Median OS was significantly shorter in cytopenic versus myeloproliferative pts (3.7 vs. 6.7 years; HR 2.11, 95% CI 1.75–2.54; p<0.001). After 6 months of RUX, 317 pts (36.1%) remained cytopenia-free; 273 pts (31.1%) developed ≥1 TE cytopenia (205 previously myeloproliferative, 68 with additional cytopenia); 235 pts (26.7%) had persistent cytopenia; 54 pts (6.1%) demonstrated improved anemia.

Compared to never cytopenia pts (median OS 8.07 yrs), median OS of TE cytopenia pts was 5.11 yrs (HR 2.01, 95% CI 1.56–2.58; p<0.001), and 3.68 yrs for persistent cytopenia pts (HR 2.62, 95% CI 2.04–3.35; p<0.001). These results remained significant after adjusting for baseline DIPSS/MYSEC-PM risk (p=0.003).

Within the TE cytopenia group, pts developing anemia alone (n=149) had a median OS of 6.15 years, while those with isolated thrombocytopenia (n=94) had a shorter median OS (4.33 years; HR 1.65, 95% CI 1.15–2.34; p=0.006), similar to pts developing both cytopenia (n=30, median OS 5.11 years; p=0.74).

Compared with never cytopenia pts, TE anemia conferred an intermediate prognosis (HR 1.63, 95% CI 1.19–2.22; p=0.002), while TE thrombocytopenia (HR 2.51, 95% CI 1.82–3.47; p<0.001) and concurrent TE anemia and thrombocytopenia (HR 2.17, 95% CI 1.34–3.51; p=0.002) were associated with the poorest outcomes.

Patients with baseline and persistent anemia only had shorter OS compared to those with baseline anemia who achieved Hb >10 g/dL at 6 months (3.47 vs. 5.18 years; HR 1.46, 95% CI 1.01–2.12; p=0.043).

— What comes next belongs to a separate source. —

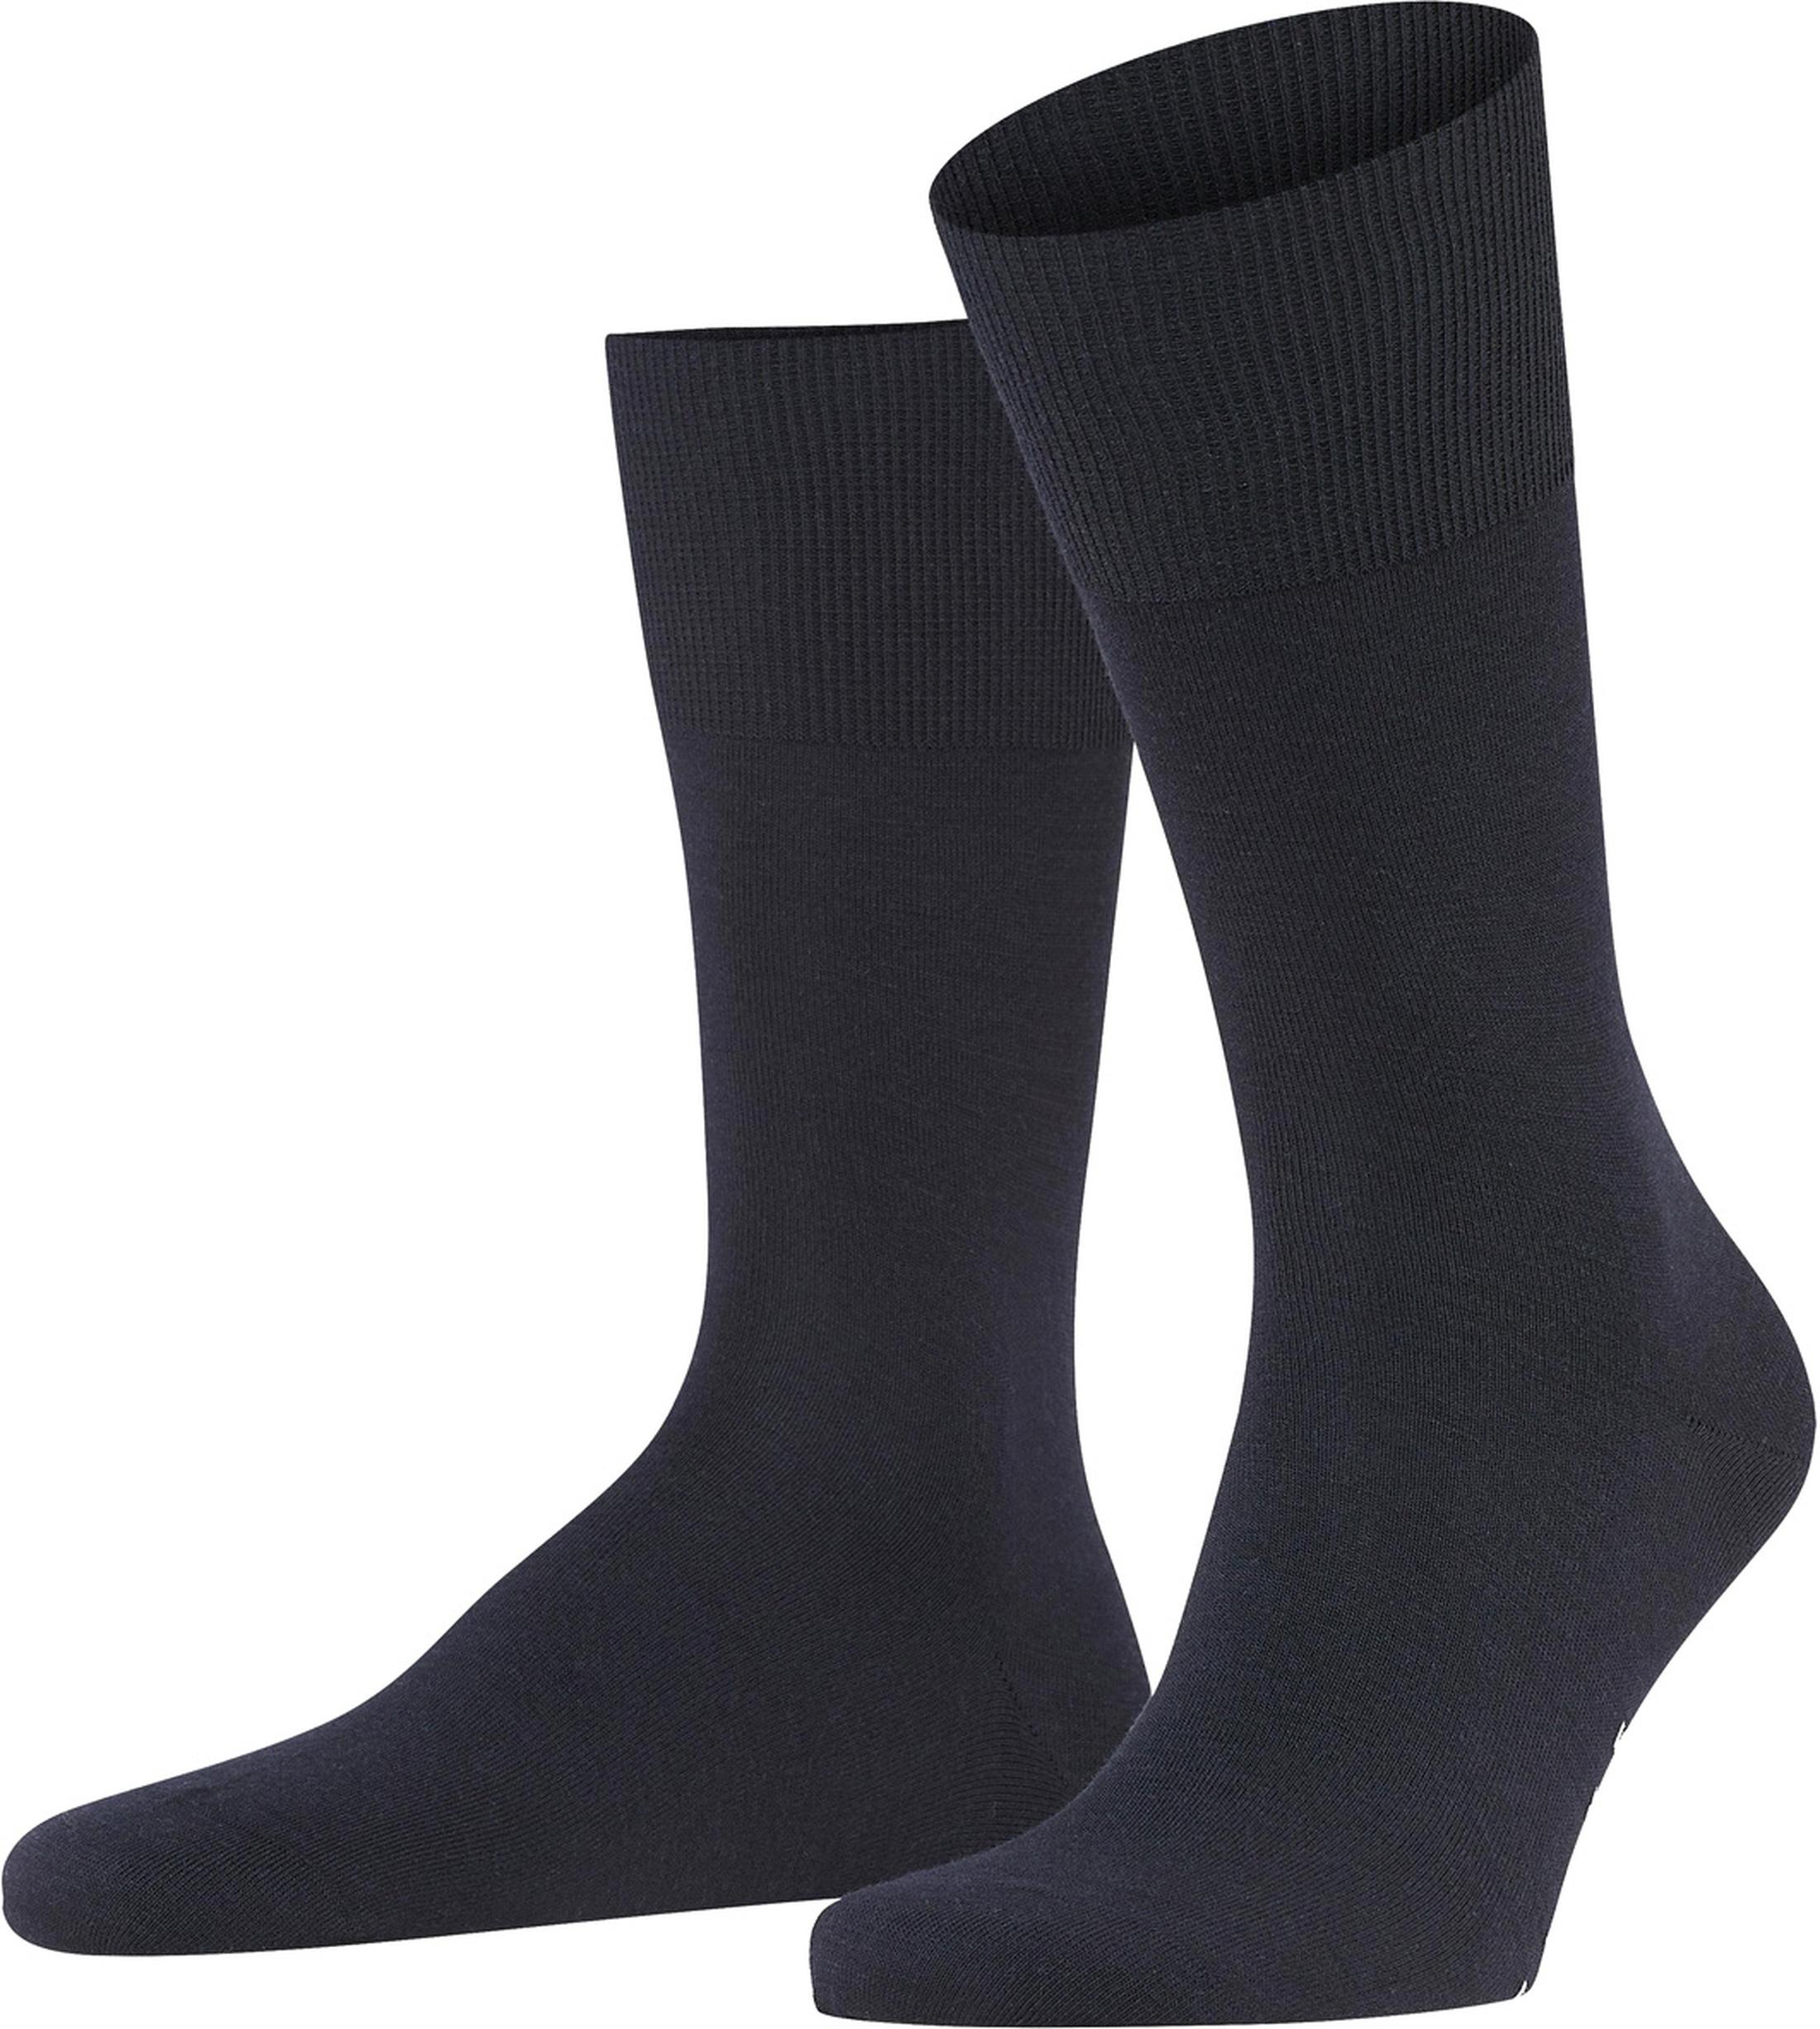 Falke Airport Socks Navy 6370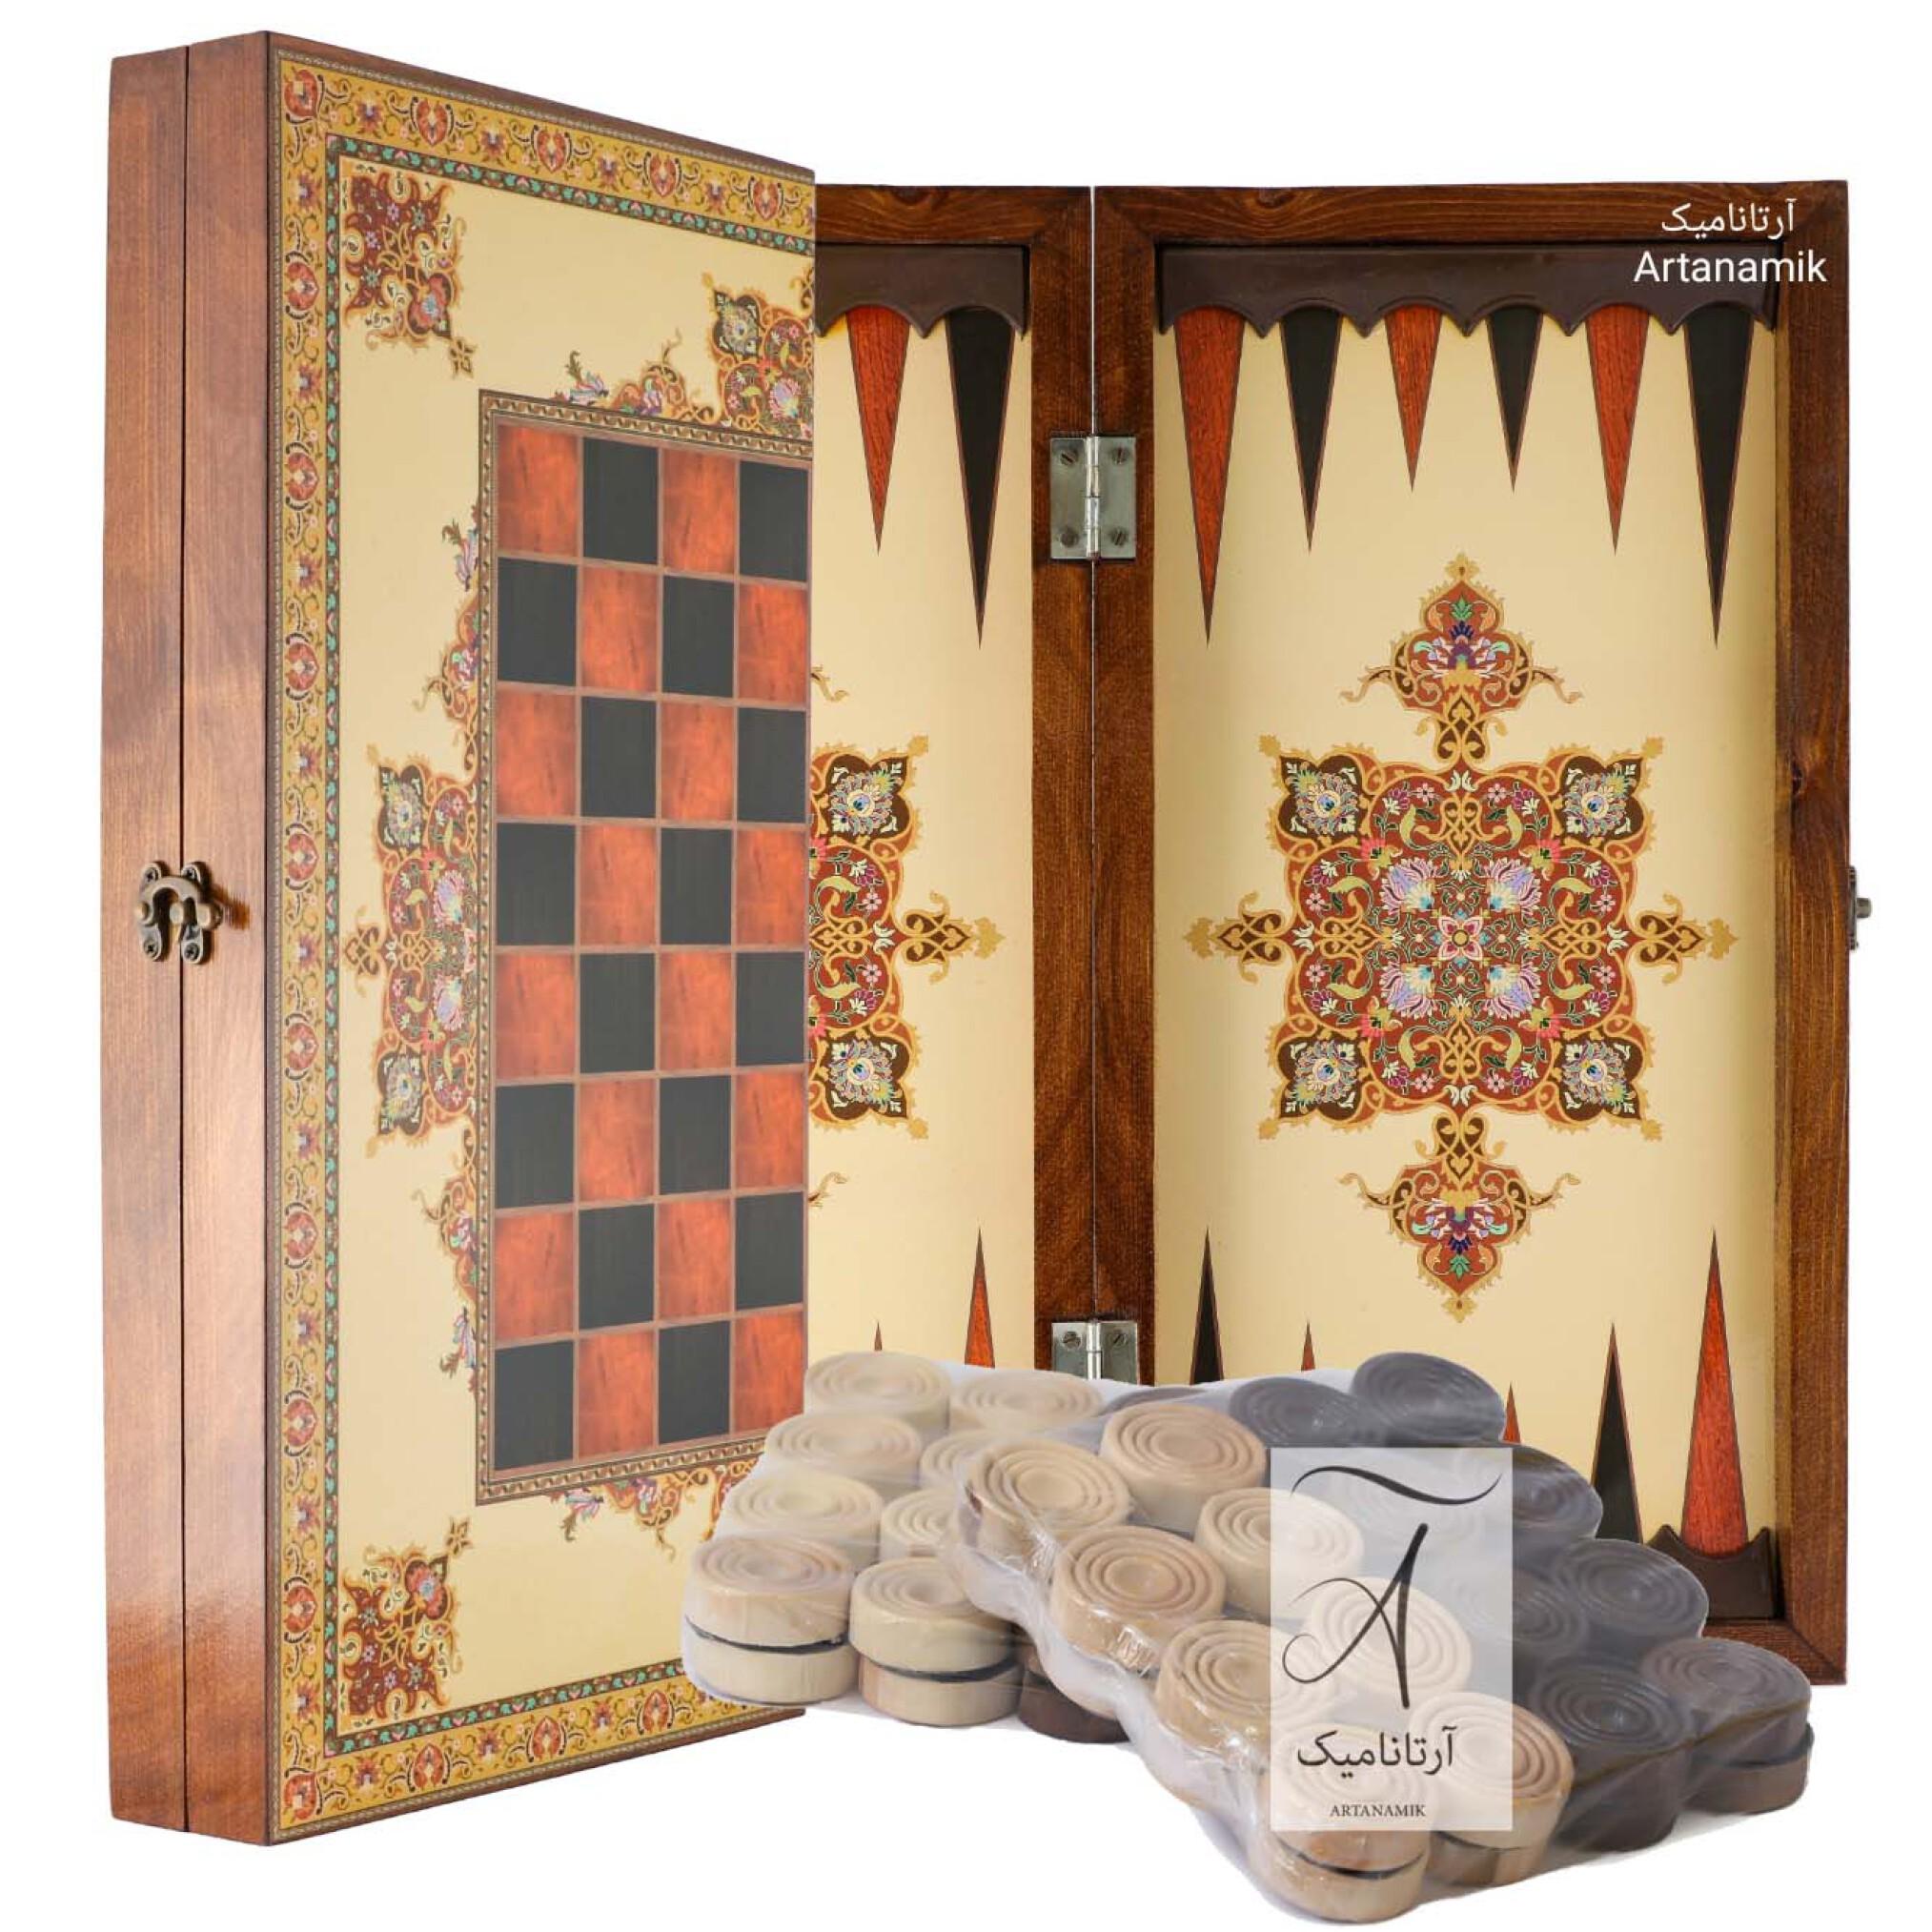 خرید تخته نرد و شطرنج کادویی طرح فرش، تخته نرد کادویی و تخته نرد نفیس از جنس چوب روس

Among 879 MF pts treated with RUX, the proportion with cytopenia increased from 40.6% at baseline to 57.8% at 6 months. Both persistent and TE cytopenia—occurring in 26.7% and 31.1% of pts, respectively—doubled the risk of death. Recovery from anemia without thrombocytopenia was uncommon but correlated with improved survival. TE thrombocytopenia emerged as the most adverse prognostic factor and may warrant inclusion in future dynamic risk models during JAK inhibitors therapy.Patients who remained cytopenia-free had the best survival, representing the most favorable setting for continuous RUX therapy. Achieving Hb >10 g/dL was validated as a favorable prognostic marker during JAK inhibitors therapy. These results underscore the prognostic heterogeneity of cytopenia during RUX therapy and the need for individualized therapeutic strategies.